Цифровые инструменты:
— Экологическая моментная оценка мотивации и симптомов.
— Напоминания о целях, отслеживание выполнения планов «если–то», обратная связь в реальном времени.
Ограничения и направления будущих исследований
Методология: необходимы продольные и экспериментальные исследования для установления причинно-следственных связей между параметрами мотивации и исходами ПТСР, в том числе у различных подгрупп (сроки после травмы, интенсивность боевого опыта, наличие моральной травмы).
— Культурная и организационная среда: следует оценивать, как военная культура, стигма и организационные практики влияют на качество мотивации и доступность автономно поддерживающей помощи.
— Интеграция с протоколами лечения: нужны рандомизированные исследования, оценивающие добавленную стоимость модулей MI, ценностного целеполагания и планов реализации к экспозиционной терапии, КПТ и EMDR.

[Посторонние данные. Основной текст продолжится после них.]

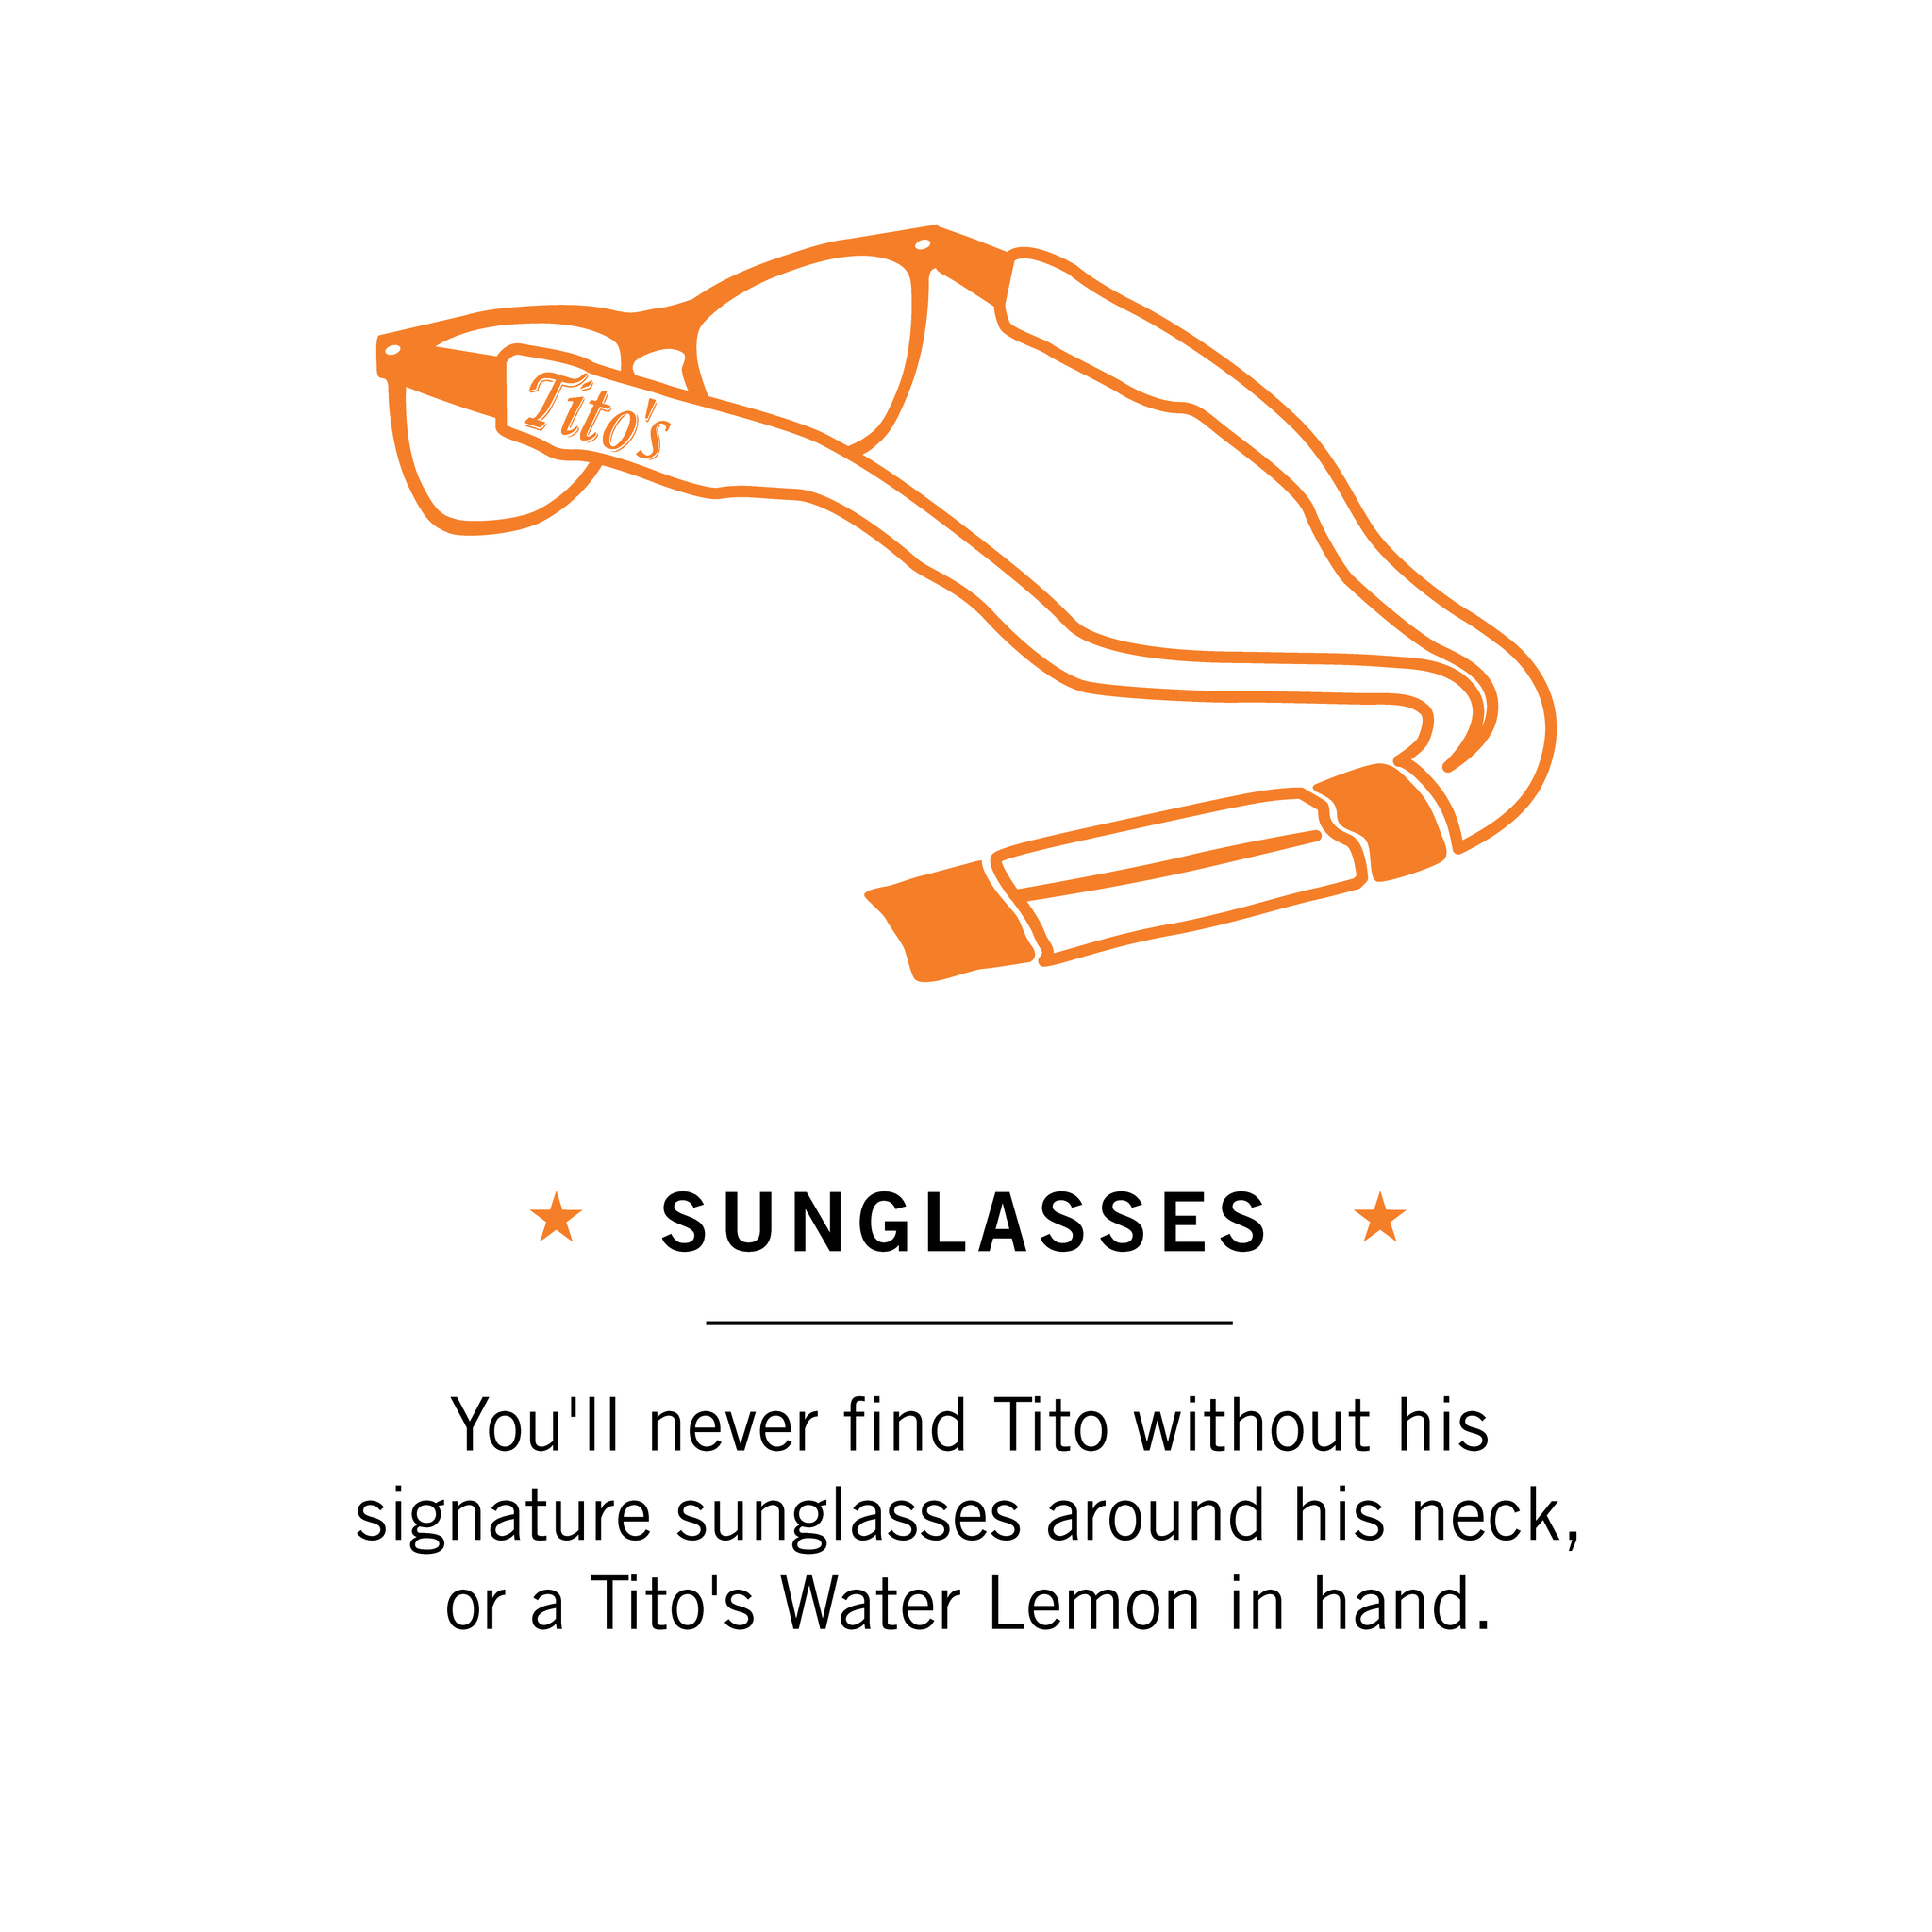 Sunglasses illustration

— Биоповеденческие маркеры: перспективно изучение нейробиологических коррелятов мотивации (BIS/BAS, дофаминергическая чувствительность) и их прогностической ценности для персонализации терапии.
Заключение
Мотивационная регуляция является системообразующим фактором в преодолении ПТСР у участников боевых действий. Автономная, ценностно насыщенная мотивация, поддержанная адекватными ресурсами, целеполаганием и планированием, усиливает вовлеченность в лечение, снижает избегание и способствует не только ремиссии симптомов, но и посттравматическому росту. Включение целенаправленных мотивационных интервенций в стандартные протоколы реабилитации ветеранов представляется обоснованным и многообещающим направлением клинической практики и исследований.

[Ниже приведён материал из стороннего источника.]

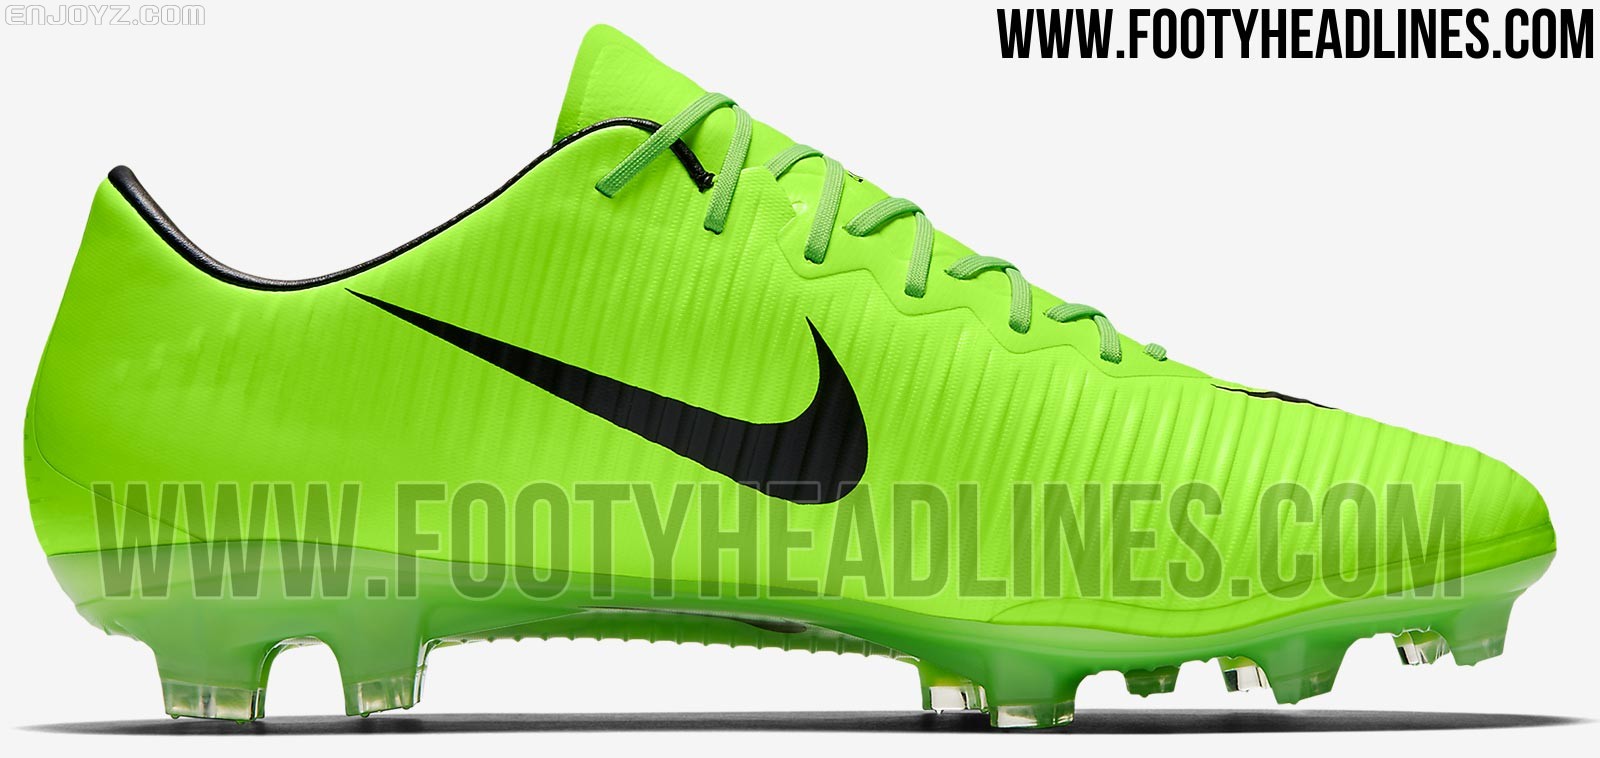 Nike Mercurial Vapor XII 12 Pro TF Soccer Turf Shoes eBay

Примечание: Статья подготовлена студенткой психологического факультета в целях научно-учебного анализа и не заменяет клинические рекомендации.
Литература:
- Дергачева О. Е. Автономия и самодетерминация в психологии мотивации: теория Э. Деси и Р. Райана // Современная психология мотивации / Под ред. Д. А. Леонтьева. М.: Смысл, 2002. С. 103–121
- Методическое пособие по работе с посттравматическим стрессовым расстройством. — СПб.: Ин-т «Гармония», 2011. — 112 с..
- Мисюра, В. Ф. Психологическая реабилитация военнослужащих / В. Ф. Мисюра. — М.: ВУ, 2009. — 167 с.

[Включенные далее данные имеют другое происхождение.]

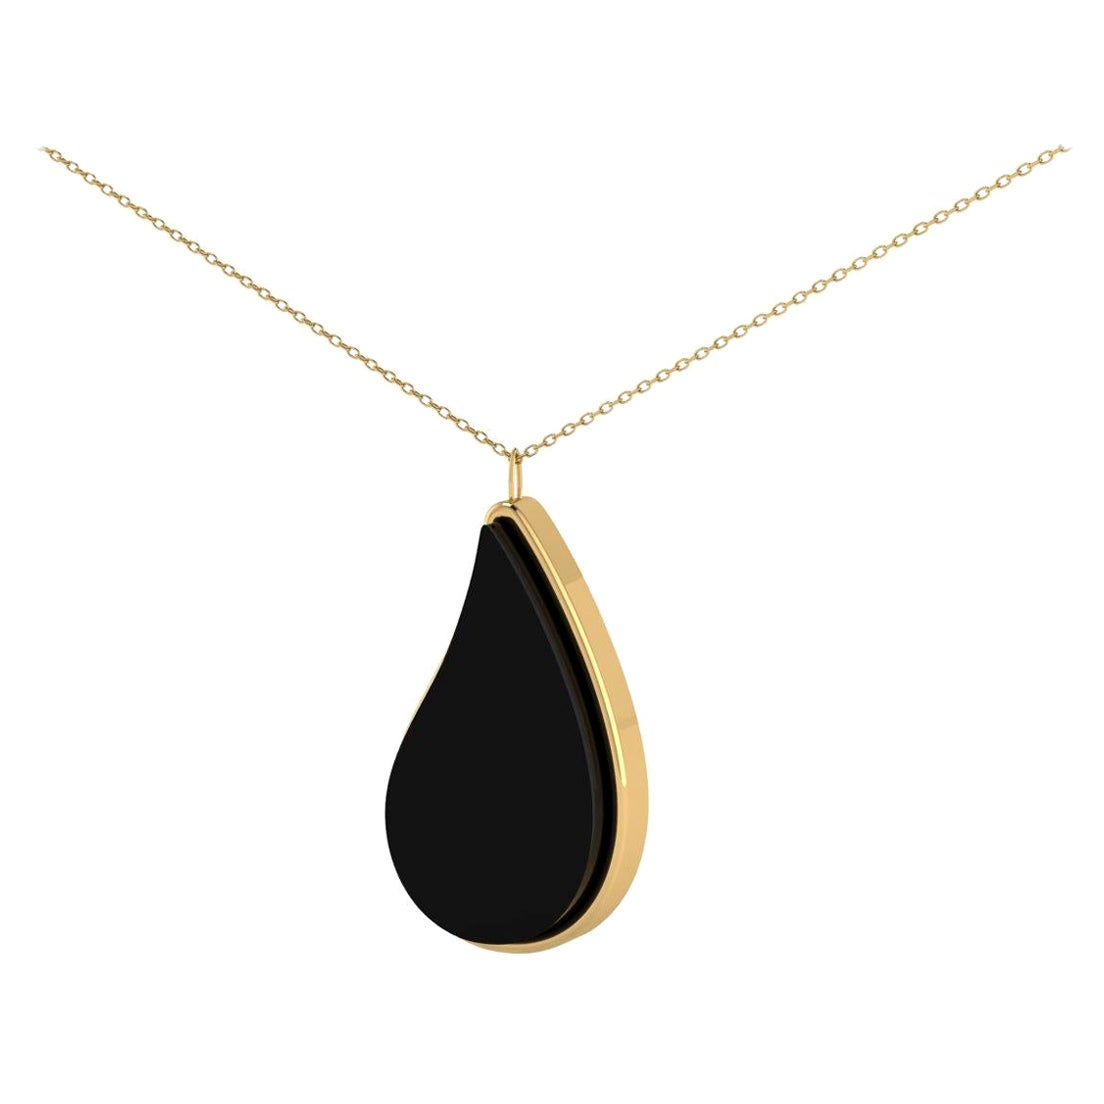 Onyx Teardrop Pendant Encased in 14k Gold on an 18k Gold Chain For Sale

- Райгородский, Д. Я. Практическая психодиагностика: методики и тесты / Д. Я. Райгородский. — Самара: Бахрах-М, 2001. — 672 с.
- Реан, А. А. Психология мотивации и эмоций / А. А. Реан. — СПб.: Питер, 2008. — 512 с.
- Соловьева, С. Л. Психологическая помощь комбатанту и членам его семьи при ПТСР / С. Л. Соловьева // Вестник Северо-Западного государственного медицинского университета им. И. И. Мечникова. — 2024. — № 2. — С. 78–85.
- Тарабрина, Н. В. Психология посттравматического стресса: теория и практика / Н. В. Тарабрина. — М.: Институт психологии РАН, 2009. — 304 с.
- Хекхаузен, Х. Мотивация и деятельность / Х. Хекхаузен. — СПб.: Питер, 2003. — 860 с.
- Х. Г. Хэлворсон, Т. Хиггинс. Психология мотивации. Как глубинные установки влияют на наши желания и поступки.